Diagnosis & Treatments

How is Bladder Cancer diagnosed?

Diagnosis of Bladder Cancer

Urinalysis

  • Checks for blood or inflammation not normally present.

 

Urine cytology

  • Examines urine for shed cancer cells. A positive test strongly suggests urinary tract cancer.

 

Cystoscopy

  • The most essential diagnostic test.

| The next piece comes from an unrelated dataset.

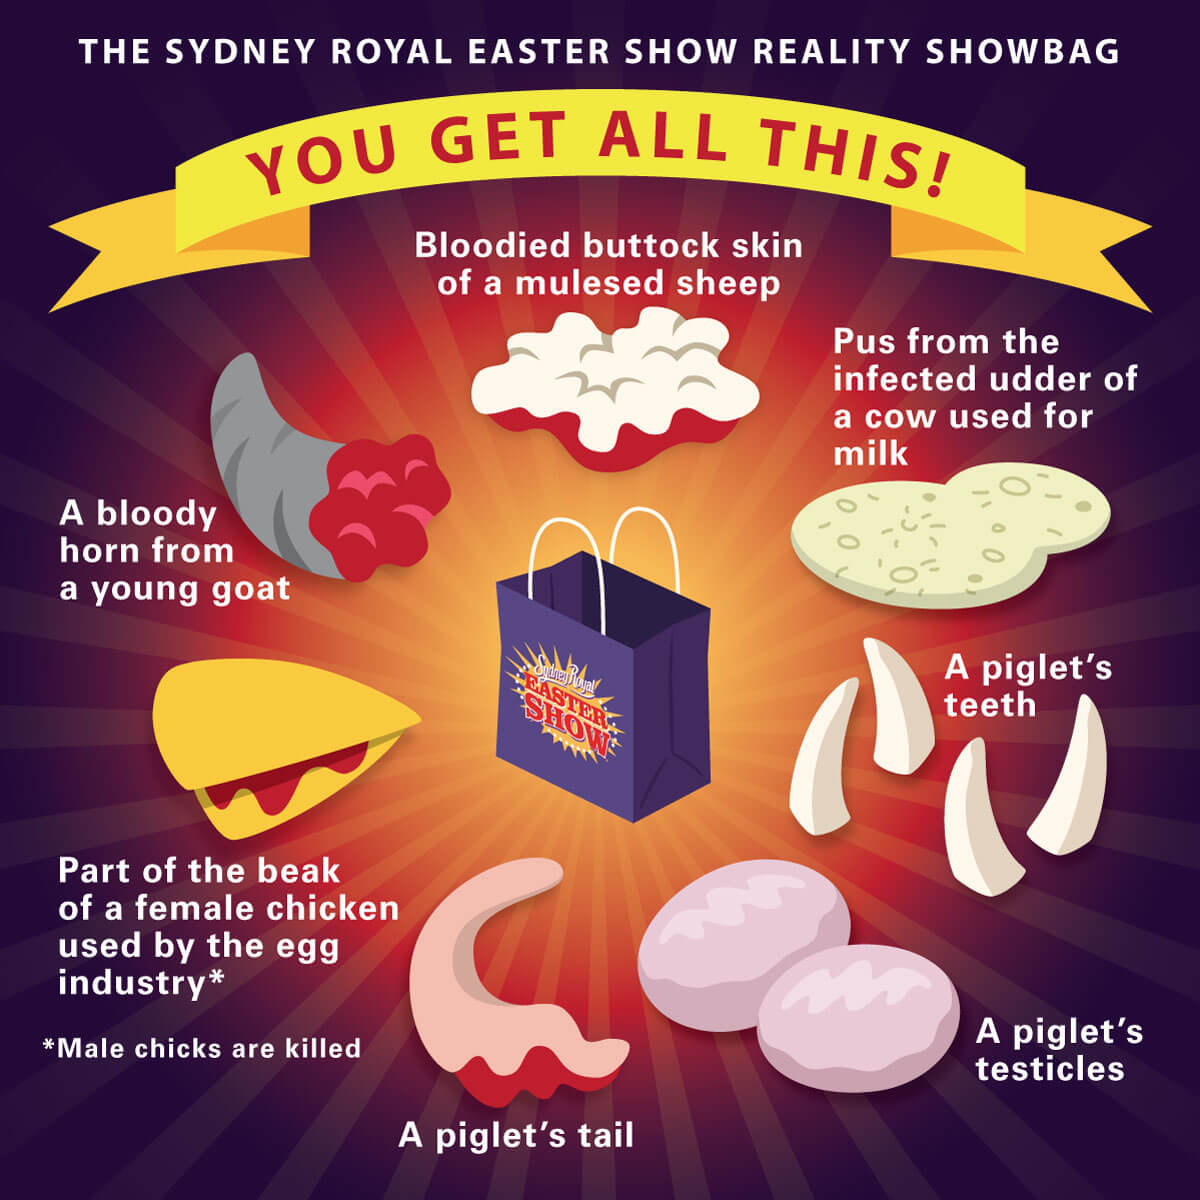 If Sydney Easter Showbags Told the Gruesome Truth

A thin scope is inserted through the urethra under local anesthesia to directly visualize the bladder, identify tumors, and obtain biopsy samples.

 

CT scan

  • Assesses tumor location, depth of invasion, lymph node involvement, and distant spread.

 

Ultrasound, MRI, bone scan

  • Used selectively to evaluate tumor spread to adjacent organs or bones, and to assess the urinary tract (renal pelvis, ureters).
Diagnosis & Treatments

How is Bladder Cancer treated?

Treatments for Bladder Cancer

Non–muscle-invasive bladder cancer (NMIBC)

  • Transurethral resection of bladder tumor (TURBT): Standard initial treatment; allows both diagnosis and removal of the tumor.
  • Intravesical therapy (chemotherapy or BCG): For high-risk or recurrent NMIBC, anticancer drugs or BCG (bacillus Calmette-Guérin) are instilled directly into the bladder to reduce recurrence and progression. Treatment usually begins shortly after surgery and continues weekly for 6 weeks, sometimes with maintenance therapy.

 

Muscle-invasive bladder cancer (MIBC)

  • Radical cystectomy: Standard treatment, involving removal of the bladder, nearby lymph nodes, and sometimes adjacent organs (prostate in men; uterus and part of the vagina in women). Because bladder removal eliminates the organ that stores urine, urinary diversion is required:
  • Ileal conduit: Uses a segment of the small intestine to create a stoma for urine drainage into an external bag.
  • Neobladder reconstruction: Creates an internal reservoir from intestinal tissue, allowing patients to pass urine more naturally.

 

Bladder-sparing therapy

  • In selected patients, a combination of TURBT, chemotherapy, and radiation may be used to preserve the bladder, although survival rates are lower than with radical cystectomy.